Chapter 34 ~ Do you know me? – Highlight Chapter from Dear Ex Wife, Please take me back
Chapter 34 ~ Do you know me? is a standout chapter in Dear Ex Wife, Please take me back by The every woman, where the pace intensifies and character dynamics evolve. Rich in drama and tension, this part of the story grips readers and pushes the Internet narrative into new territory.
ATHENA
My chest aches.
I can’t breathe.
Everything feels wrong. Too loud. Too bright.
I blink, and the world feels… foreign. Unfamiliar. My head spins, like I’m coming back from somewhere far away, somewhere cold, and the weight of the air is too thick. I try to move, but my body doesn’t respond. It’s like I’m trapped under something, unable to get out.
The feeling of drowning is still in my throat, in my lungs, like I never really came up for air.
Am I dead?
I try to focus, to make sense of what’s around me.
The loud beeping sound of the machine and a deep voice that keeps calling me pulls me back.
But the weight in my chest, it's not just the air.
It's the memory.
The bubbles, lack of oxygen, and the pain I felt from my nose go all the way to my chest.
I don’t know where I am.
I don’t know how I got here.
My heart races, and I try to breathe, but the air feels like it’s suffocating me. I gasp, my body jerking with panic, desperate for a full breath.
I feel like I'm falling. Sinking deep in the water, making it hard for me to breathe.
I gasp, but it doesn’t feel like it's enough. The air is there, I know it is, but my lungs won’t take it in. My throat burns, my body seizes, and for a terrifying second, I swear I’m still underwater.
The weight of the water crushes me, pressing down on my chest, filling my lungs with nothing but panic. My fingers claw at the sheets, gripping them like a lifeline, but they slip through my hands like water. Like I’m sinking all over again.
No. No. I can’t go through this again please!

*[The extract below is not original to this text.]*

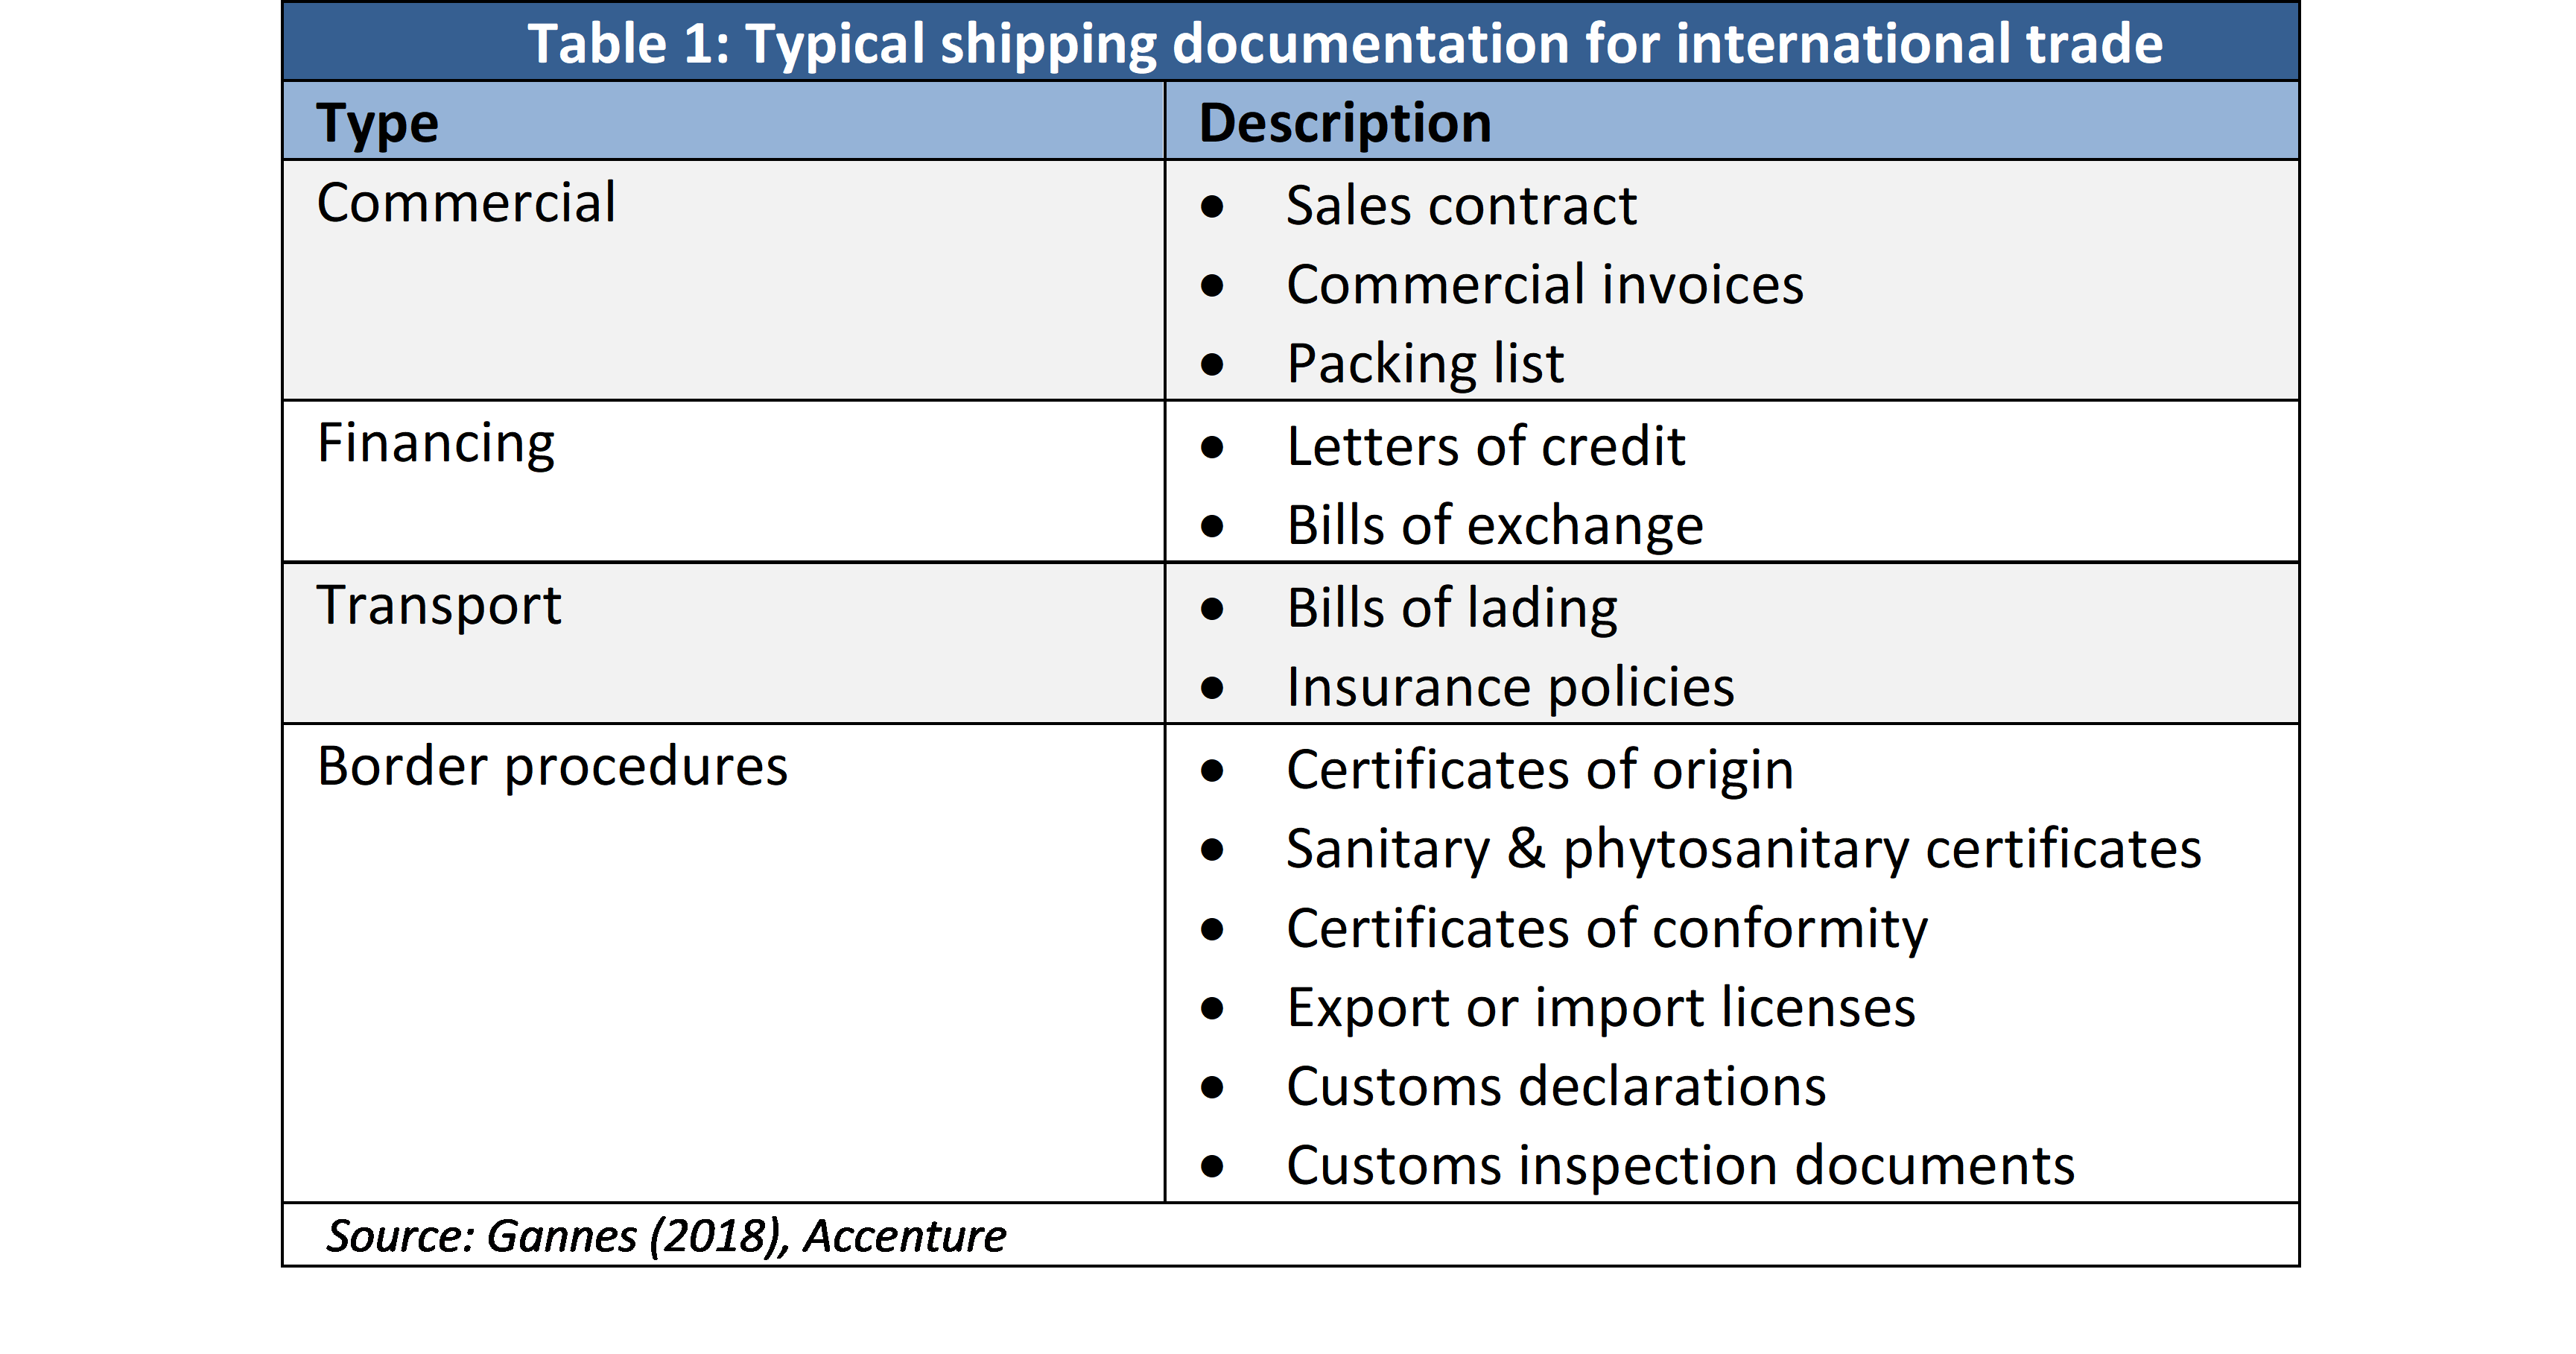 Table of typical shipping documentation for international trade

A loud beeping sound fills my ears, but it’s drowned out by the rush of water in my head. My pulse hammers, the sound loud, distorted. The memory swallows me whole.
I see it.
The water.
Dark, endless, pulling me down.
I can feel it. The way it burned as it forced itself into my lungs, the way my body fought, then slowed, then gave up.
A strangled sound leaves my throat—half a sob, half a desperate gasp for air that won’t come.
Hands grip my shoulders. Warm, firm. They shake me, grounding me in the present, but I can’t focus. I can’t breathe.
I hear a voice, deep and commanding, but the words don’t make sense.
I’m still drowning.
Still lost in that cold, black abyss.
The pressure in my chest builds. My heart slams against my ribs, fast and frantic, like it’s trying to escape.
Then suddenly, my lips feel like they're being pressed against something soft that tastes like mint. My brain wrecks as I try to figure out what it is when I realize I'm being kissed.
My eyes fly open, the world tilting violently. The too-bright lights. The blurred figure above me. The air, thick and suffocating, but there.
I choke, gasping as reality crashes in. I’m not underwater.
I’m not dying.
But I don’t.
I don’t know him.
“Who… who are you?” I croak, the words coming out slightly broken from how dry my throat is.
His eyes flash, something flickering again.
Frustration?
Hurt?
I can’t tell.
But I don’t know him.
If I knew a guy as good looking as him, I'd never forget it.
“I'm not going to hurt you. Please don't pull away from me.” His deep voice pulls me back.
“Do you know me?” I ask.
He nods.
I bite my lip, not knowing what to say.
“What happened?” I ask.
Well if he knows me and I don't remember him then it's only fair he tells me what I'm missing.
But a part of my brain keeps nagging and wondering if I can really trust him.